When they broke up, he was left with a huge, gaping hole – no friends, no hobbies, no sense of his own self, no nothing.

Do not make the same mistake.

However, it’s a fine balance. Neglecting your partner and the relationship in favor of yourself isn’t the Holy Grail, either. You just fall off the other side of the cliff.

So what can you do instead?

  • Be present when you spend time together. Don’t be there physically but not mentally. Get done what you have to, but then give your undivided attention. One hour of presence is worth more than three hours of being somewhere else with your thoughts.
  • Realize that you can’t pour from an empty cup. To show up for the relationship, you have to show up for yourself first. Do not neglect your own life or needs.
  • Prioritize the relationship, not your partner. If you’re making a decision, ask yourself what’s best for your connection.

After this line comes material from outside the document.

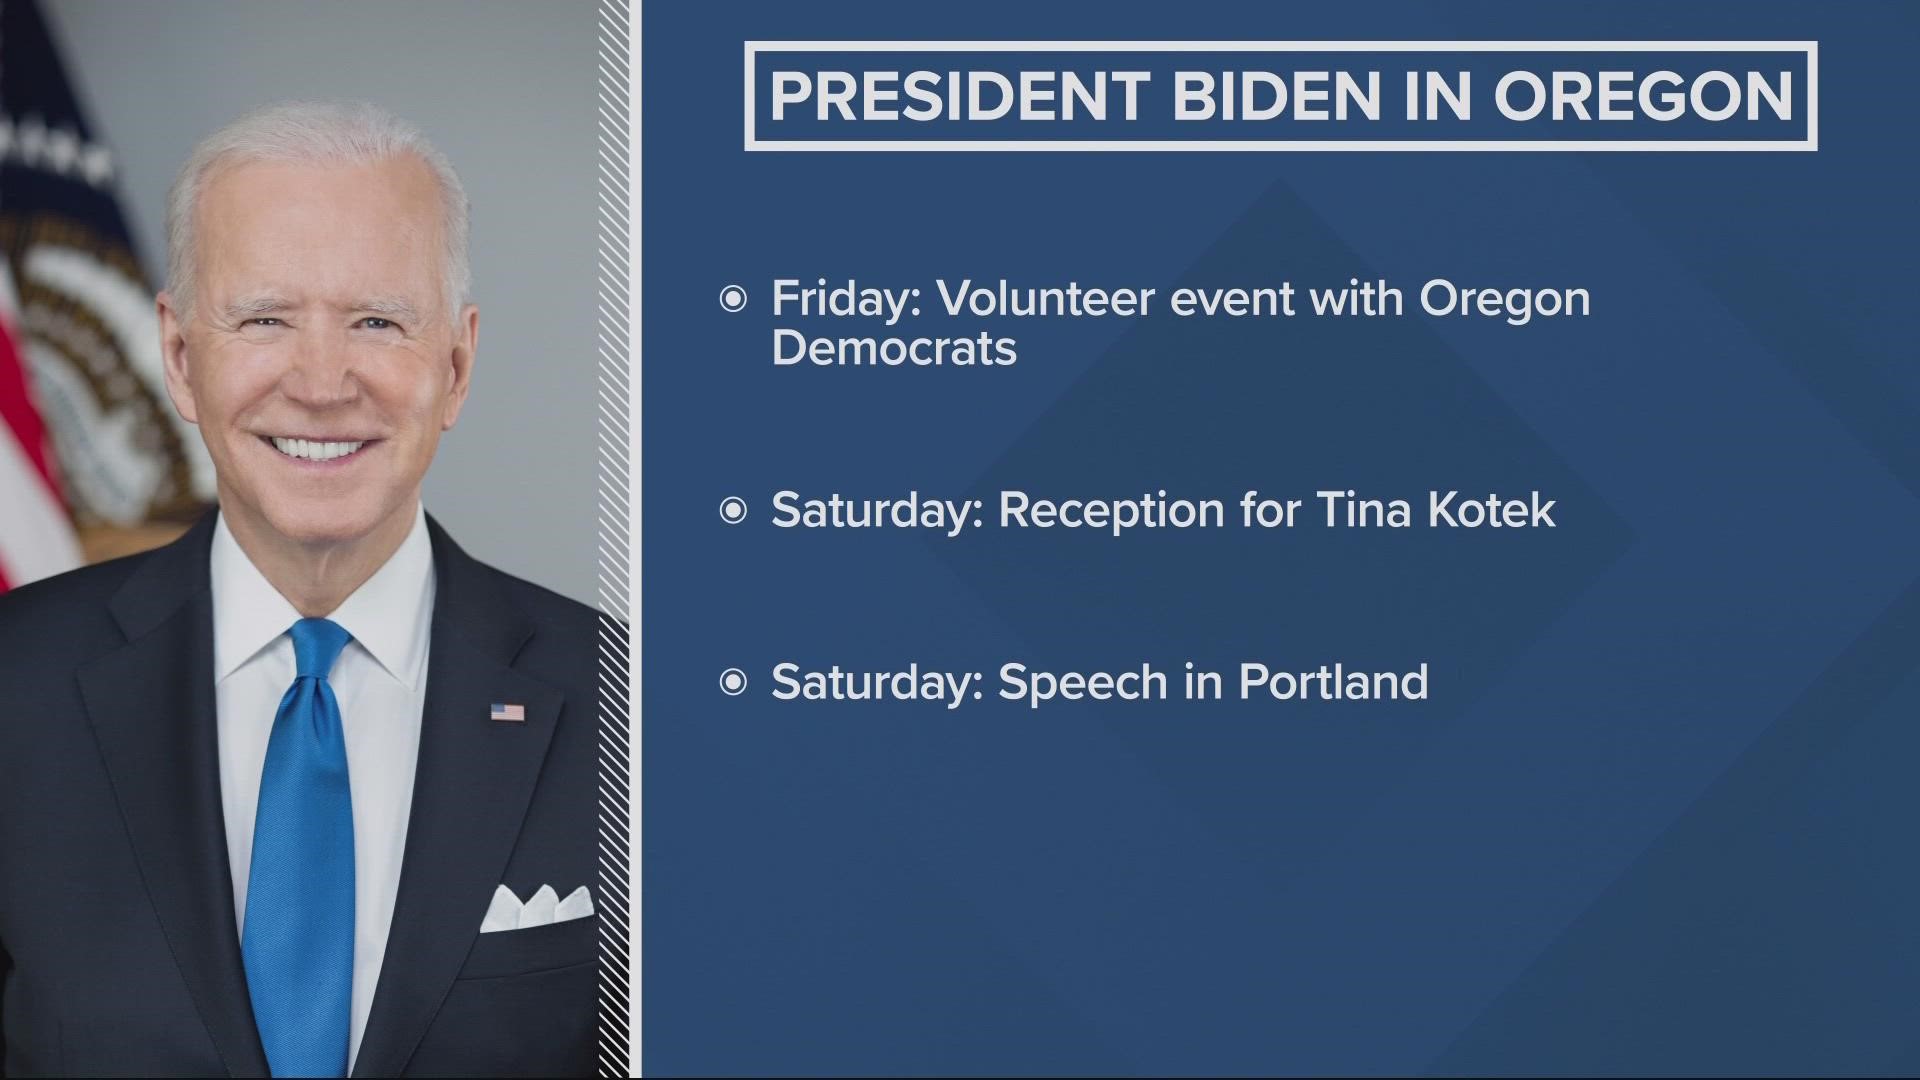 President Biden will be here this week in Oregon.
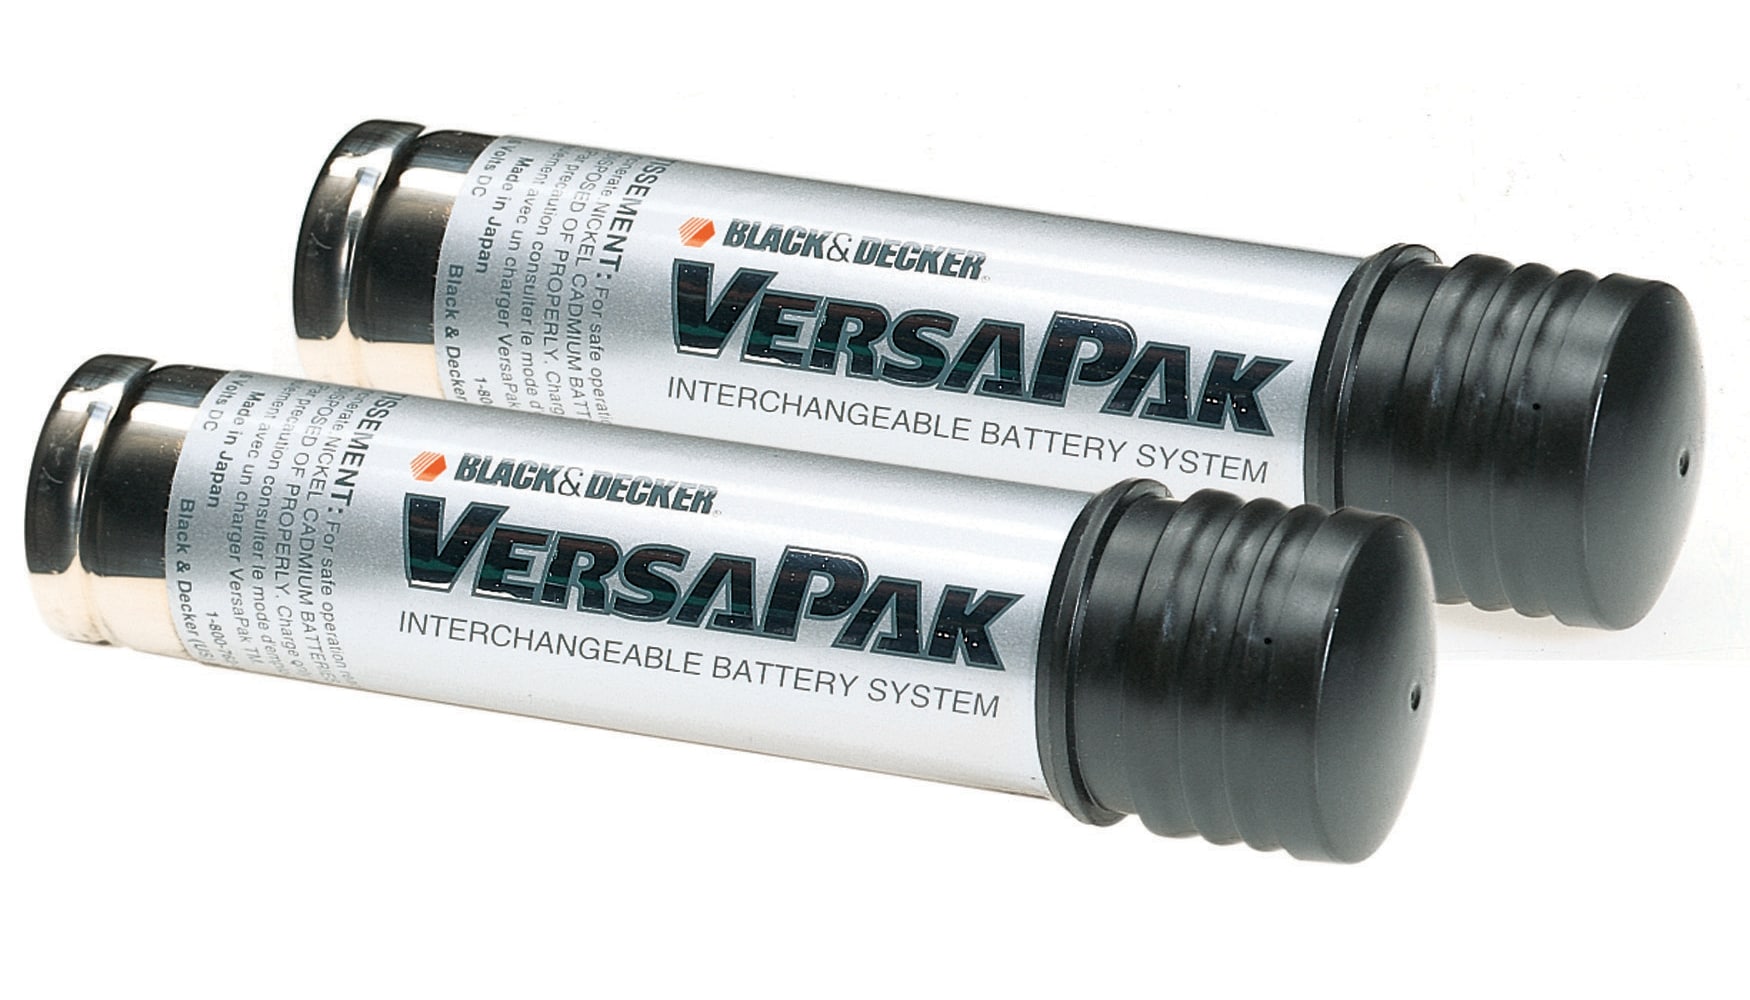 How Long Does it Take to Recharge a Black & Decker 3.6 Volt VersaPak Battery?

Never forget that you are your number one priority – only then can you show up from a position of power for others.

article quote on painted background with text that says "Realize that you can’t pour from an empty cup. To show up for the relationship, you have to show up for yourself first. Do not neglect your own life or needs."

Avoid These Traps To Have A Happy And Supportive Relationship

A good relationship is smooth sailing most of the time.

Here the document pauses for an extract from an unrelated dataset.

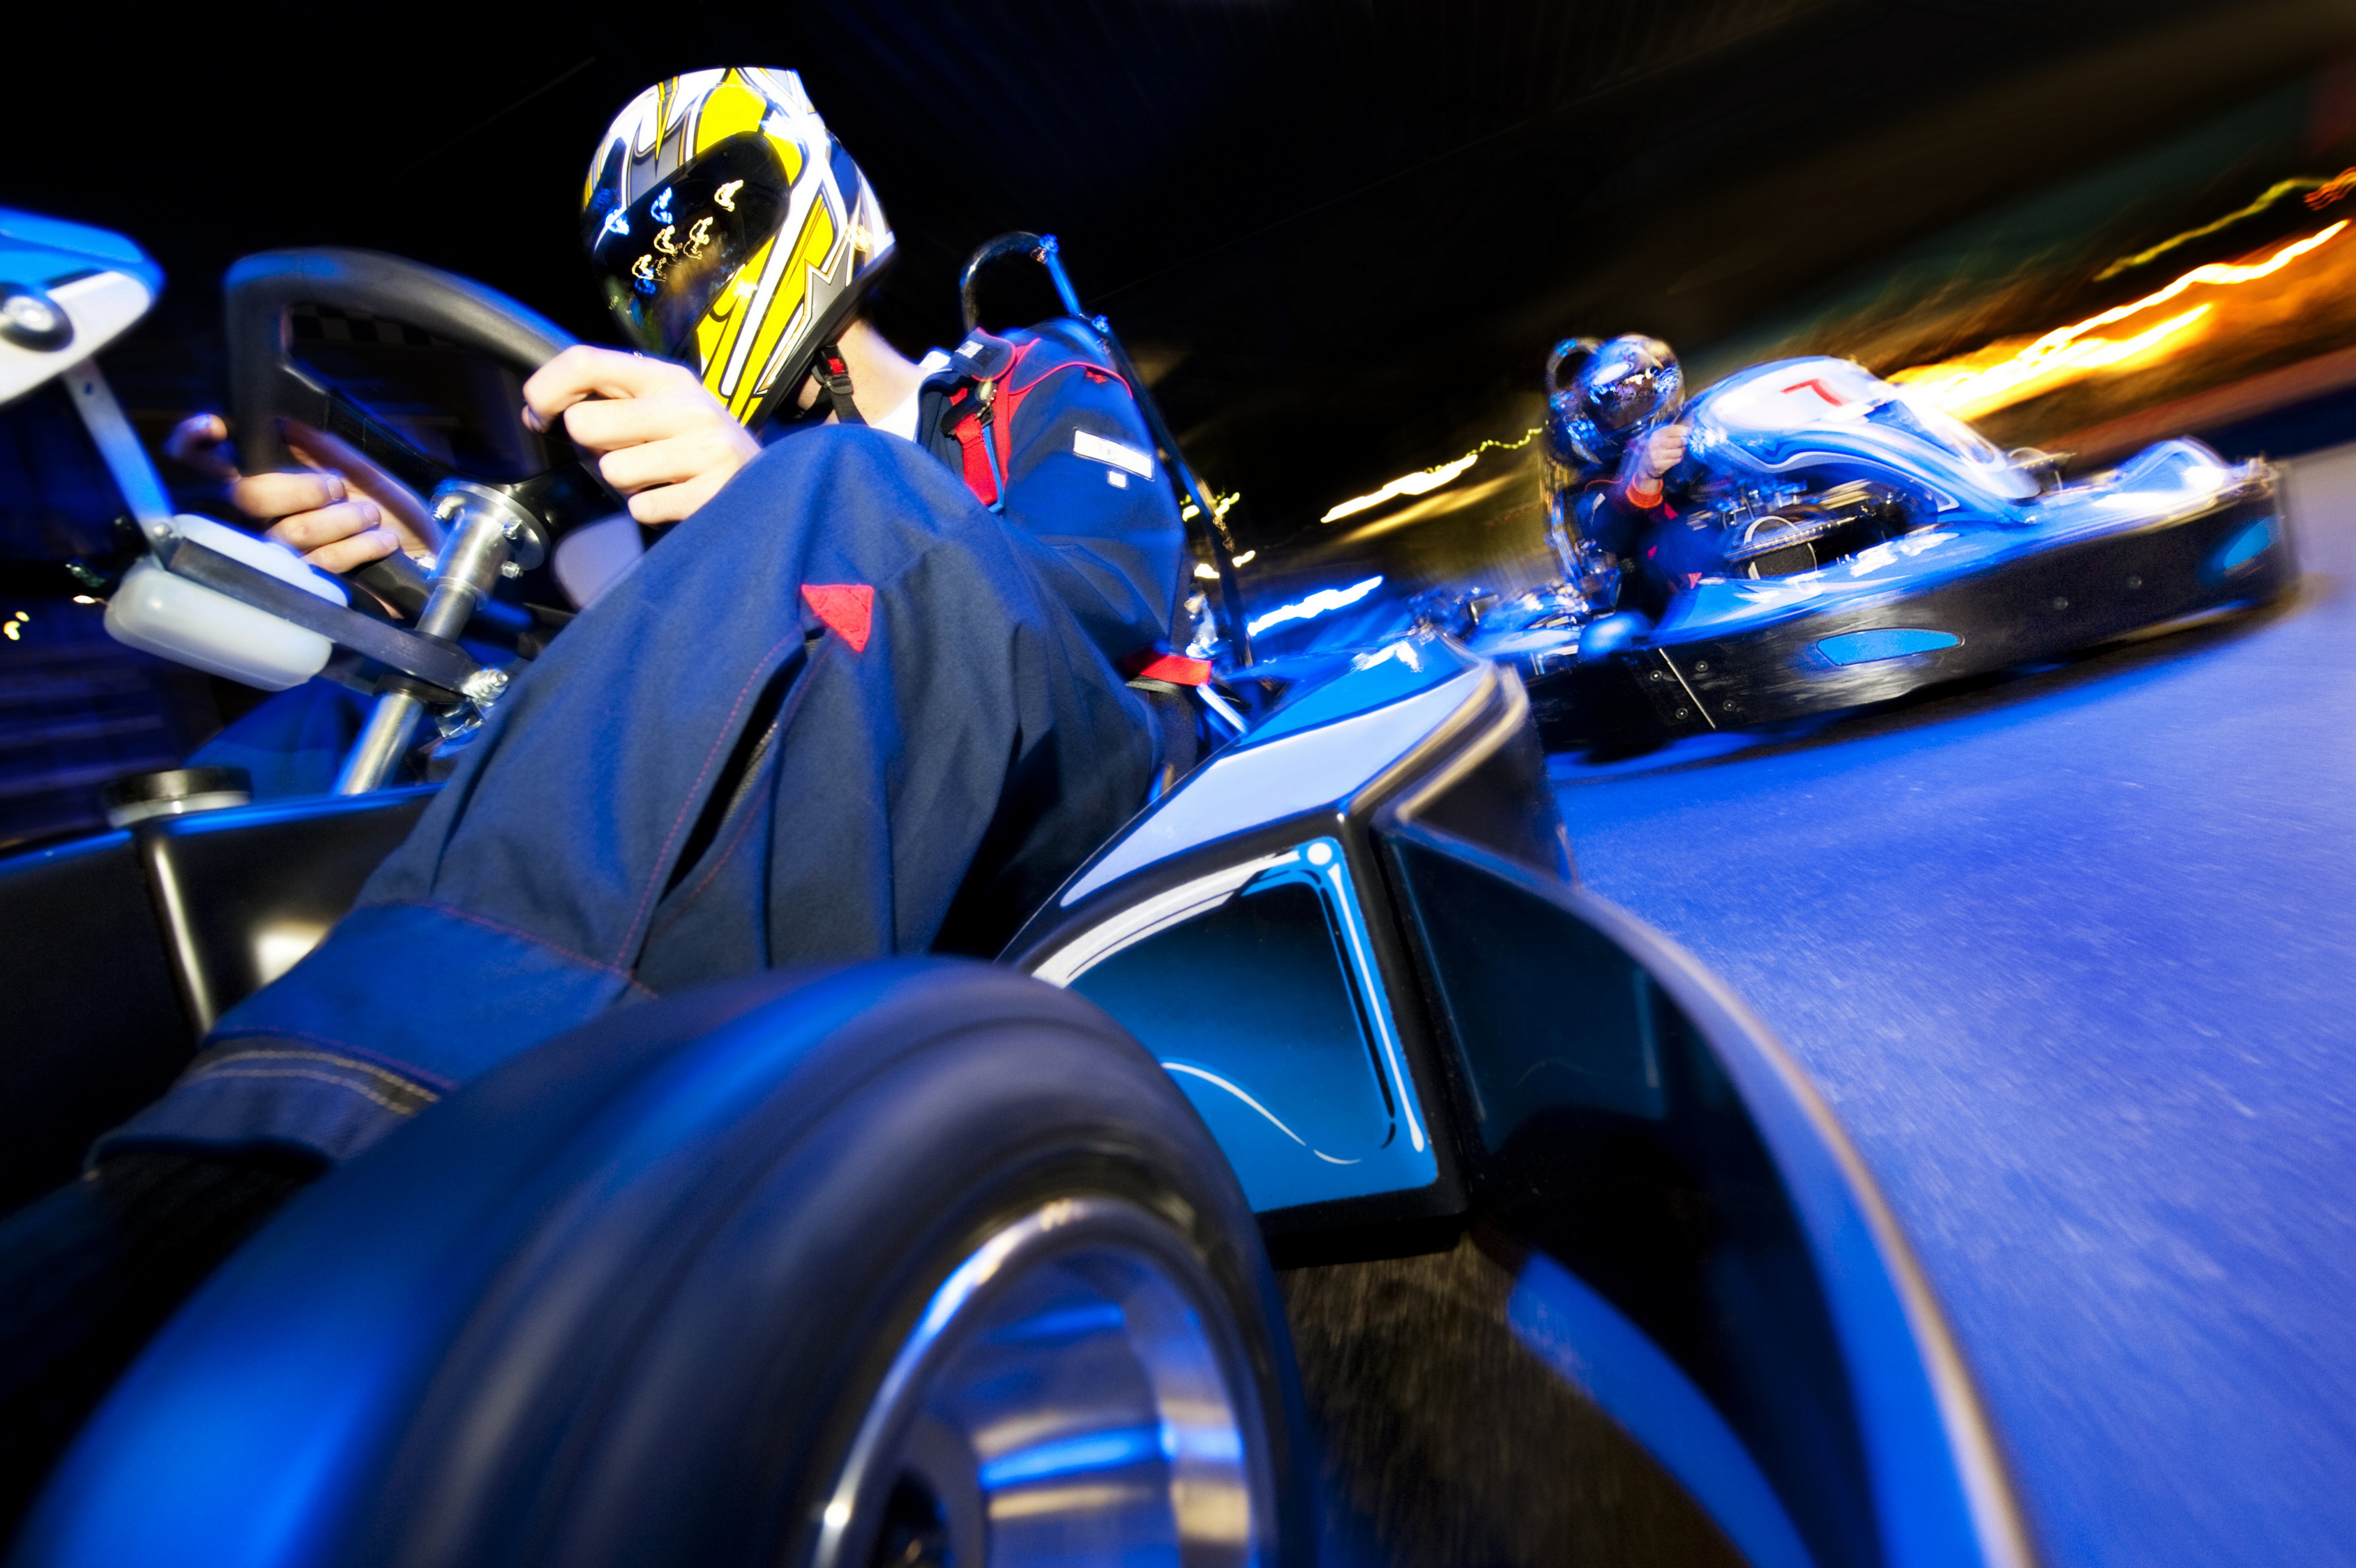 Grand Prix Karting for 2 Gift Experience

However, you have to build a sturdy ship to navigate the seas when the ocean gets rough. This starts with yourself. You’re the one who steers the ship and inspires your partner to want to be by your side.

This doesn’t mean you have to do all the work by yourself – but if you slack off, the ship sinks.

To avoid that, stay clear of these common traps men often fall into:

  1. Misunderstanding conflict. It’s not about being right or wrong, but about solving a problem together.
  2. Giving up the courting process. A relationship isn’t an “end goal” you can reach and then forget about – you need to keep it alive by putting in effort.
  3. Settling in and letting yourself go. Show both of you some respect – being in a relationship isn’t an excuse to not work on yourself anymore.
  4. Losing your sense of self. It strains your connection because you become dependent on it – you’ll be in a terrible position when things get rocky.

Build a sturdy relationship and you’ll make it through life’s roughest storms together.